Multiple Brain Abscesses in a child with congenital cyanotic heart disease


We report multiple and diffuse supratentorial and infratentorial brain abscesses in a ten months old girl with D- transposition of great arteries. The child was managed medically with intravenous antibiotics for 4 weeks. Her fever settled, however, weakness of right half of the body persisted despite remarkable improvement. Multiple abscesses (about 40 in number), in a child less than 2 years age, associated neutrophilia with toxic granulations and successful therapy with antibiotics alone makes this an unusual case.

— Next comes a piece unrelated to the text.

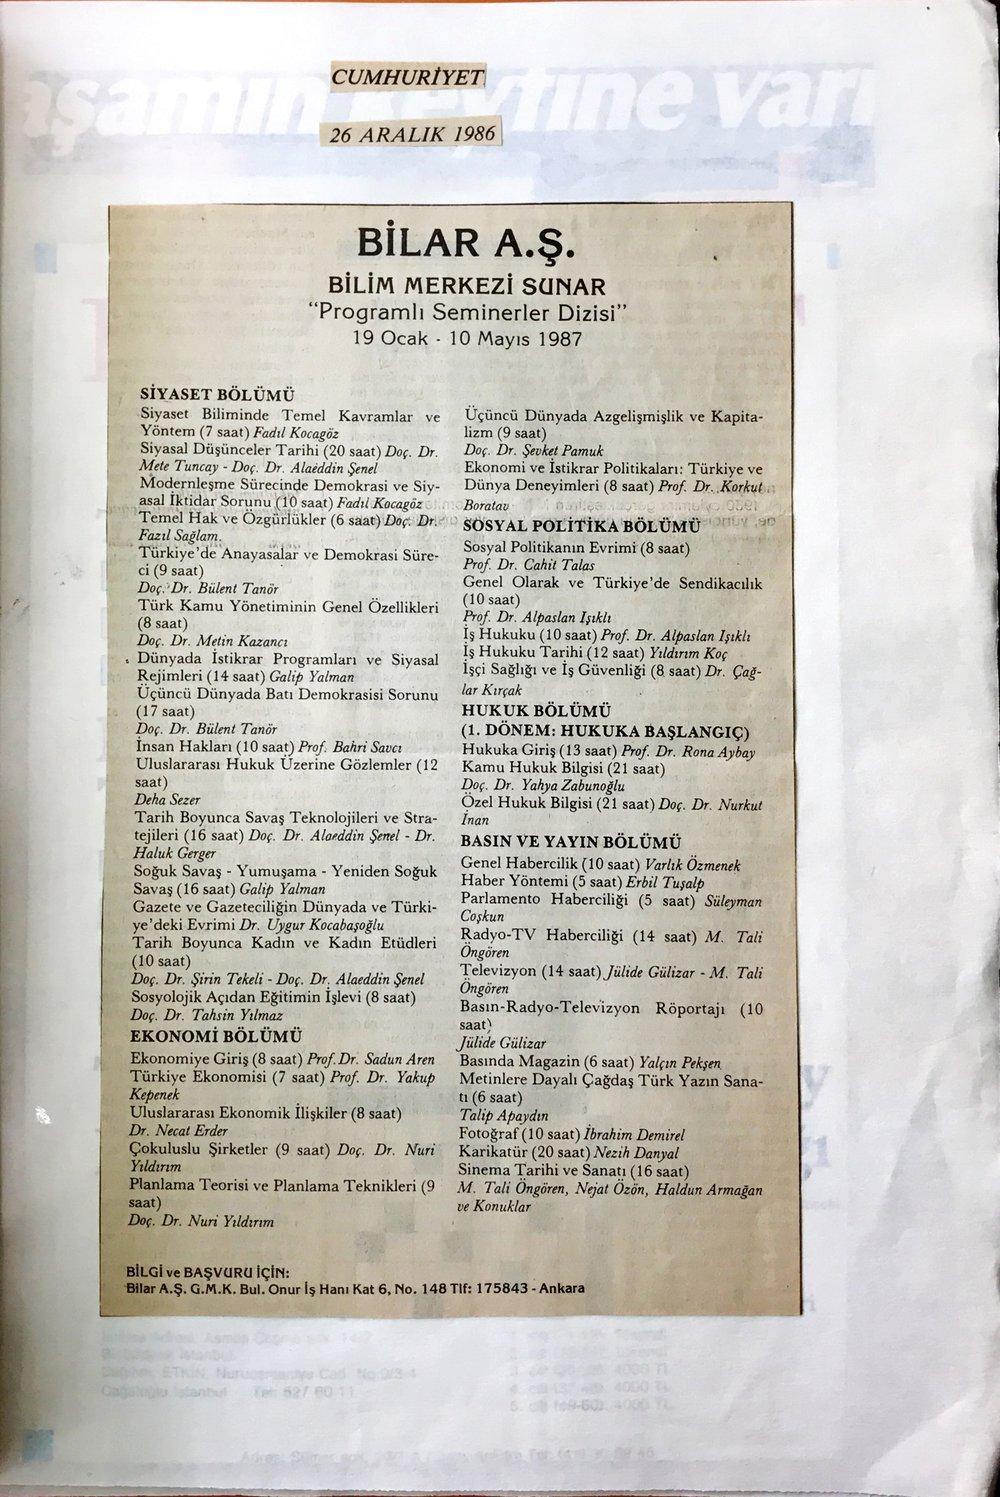 1986_cumhuriyet_bilar-ders-ilani.JPG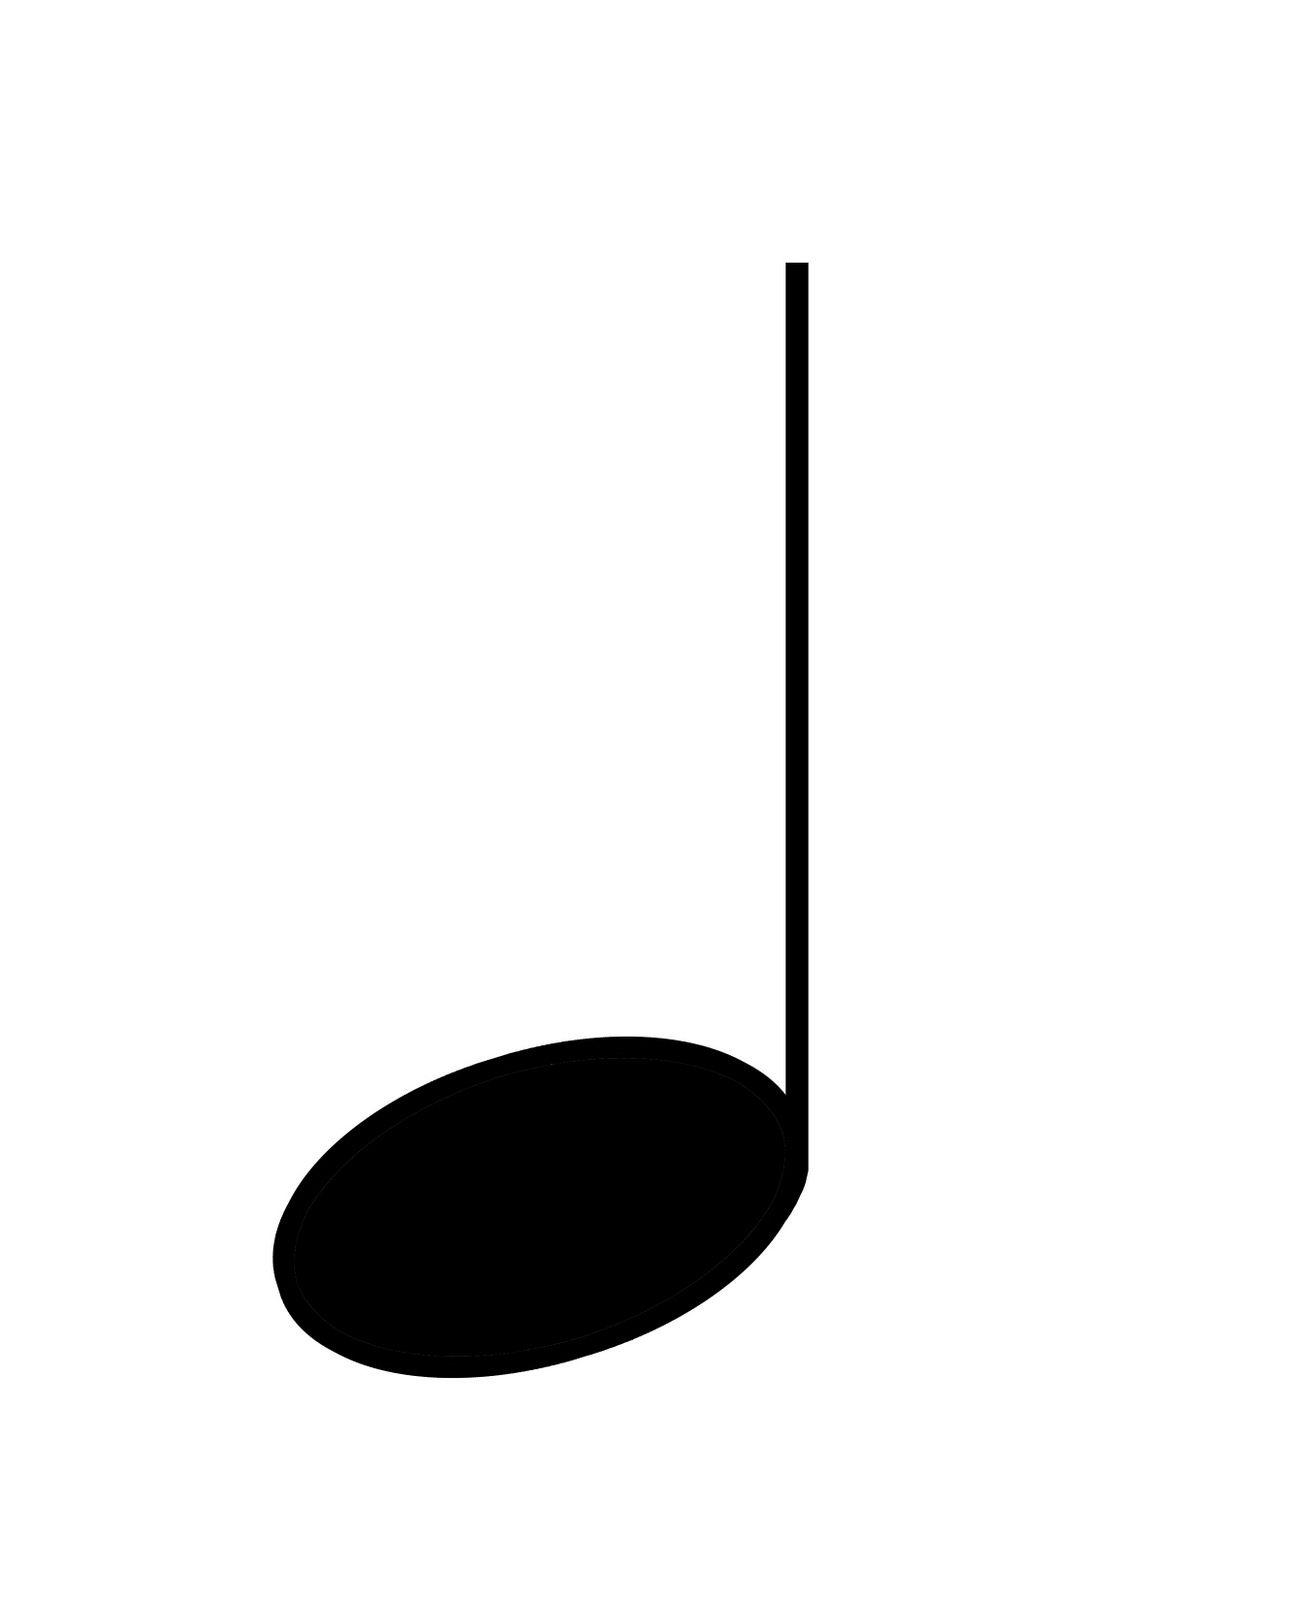 Quarter Note Clip Art - Cliparts. | Music | Pinterest | Clip art ...

Brain abscess is a relatively uncommon but potentially life-threatening condition. Predisposing factors for brain abscess include cyanotic congenital heart diseases (CHD); infections of the middle ear, mastoids, paranasal sinuses, and soft tissues of the face, orbit, or scalp; penetrating injury or comminuted fracture of skull; intracranial surgery; congenital lesions of the head and neck and abnormalities of immune system. No underlying illness or source of infection can be found in about 20% cases.1 CHD is the most common predisposing factor and about 5 to 18.7% patients with CHD develop brain abscess.2 Cerebral abscesses are evenly distributed between the two hemispheres, and approximately 64 to 76% abscesses are located either in parietal, frontal or temporal lobes. Most brain abscesses are single, but 10-27% are multiple and may involve more than one lobe.1

Despite advances in the management of cerebral abscess, associated morbidity and mortality is still appreciable. High index of clinical suspicion and the correct choice of investigations is the key to early diagnosis and successful treatment. Contrast enhanced computed tomography (CT) is the best investigation since non-contrast computed tomography does not identify all cerebral abscesses.3

Case Report

A ten months old girl presented with the complaints of fever, diarrhoea and weakness of right half of the body for five days. There was no history of earache or discharge, facial or scalp infection or trauma, seizures, or any other systemic disorder. She had history of bluish discolouration of lips and tongue which was more pronounced during crying; failure to thrive and recurrent episodes of respiratory tract infections since early infancy. Though her birth, feeding and family history were unremarkable yet her development was delayed as compared to her peers. On examination; she weighed 6 Kg and her length was 65 cm (both below the 3rd centile for age). She had some dehydration, marked central cyanosis, grade IV clubbing, tachycardia, tachypnoea, and fever. Examination of cardiovascular system was normal. She had inability to sit, stand and hold any object in right hand. Her deep tendon reflexes were exaggerated. Rest of the systemic examination was normal except few crepitations on chest auscultation.

Investigations showed increased total leukocyte count (TLC-35.7x10 9 /L), neutrophilia (neutrophils 80%) with toxic granulations, haemoglobin 11.5g/dl, platelet count of 203x109/L and erythrocyte sedimentation rate (ESR) was 45 mm after 1st hour. Her chest radiograph showed mild cardiomegaly and clear lung fields. Her abdominal ultrasonography and renal function tests were normal and blood culture did not grow any organism. Contrast enhanced CT scan of brain revealed multiple (about 40 in number) ring enhancing as well as solid appearing brain abscesses, widespread in frontal, parietal, and temporal lobes and the left lobe of the cerebellum (Figures 1 and 2). A large infarct was also seen in left deep parietal region extending up to sub-ependymal region (Figure 2). No evidence of ventriculitis or cerebritis was seen. No pathology was seen in her mastoid, and nasopharangeal region. Echocardiography revealed transposition of great arteries, pulmonary atresia, persistent foramen ovale and large ventricular septal defect.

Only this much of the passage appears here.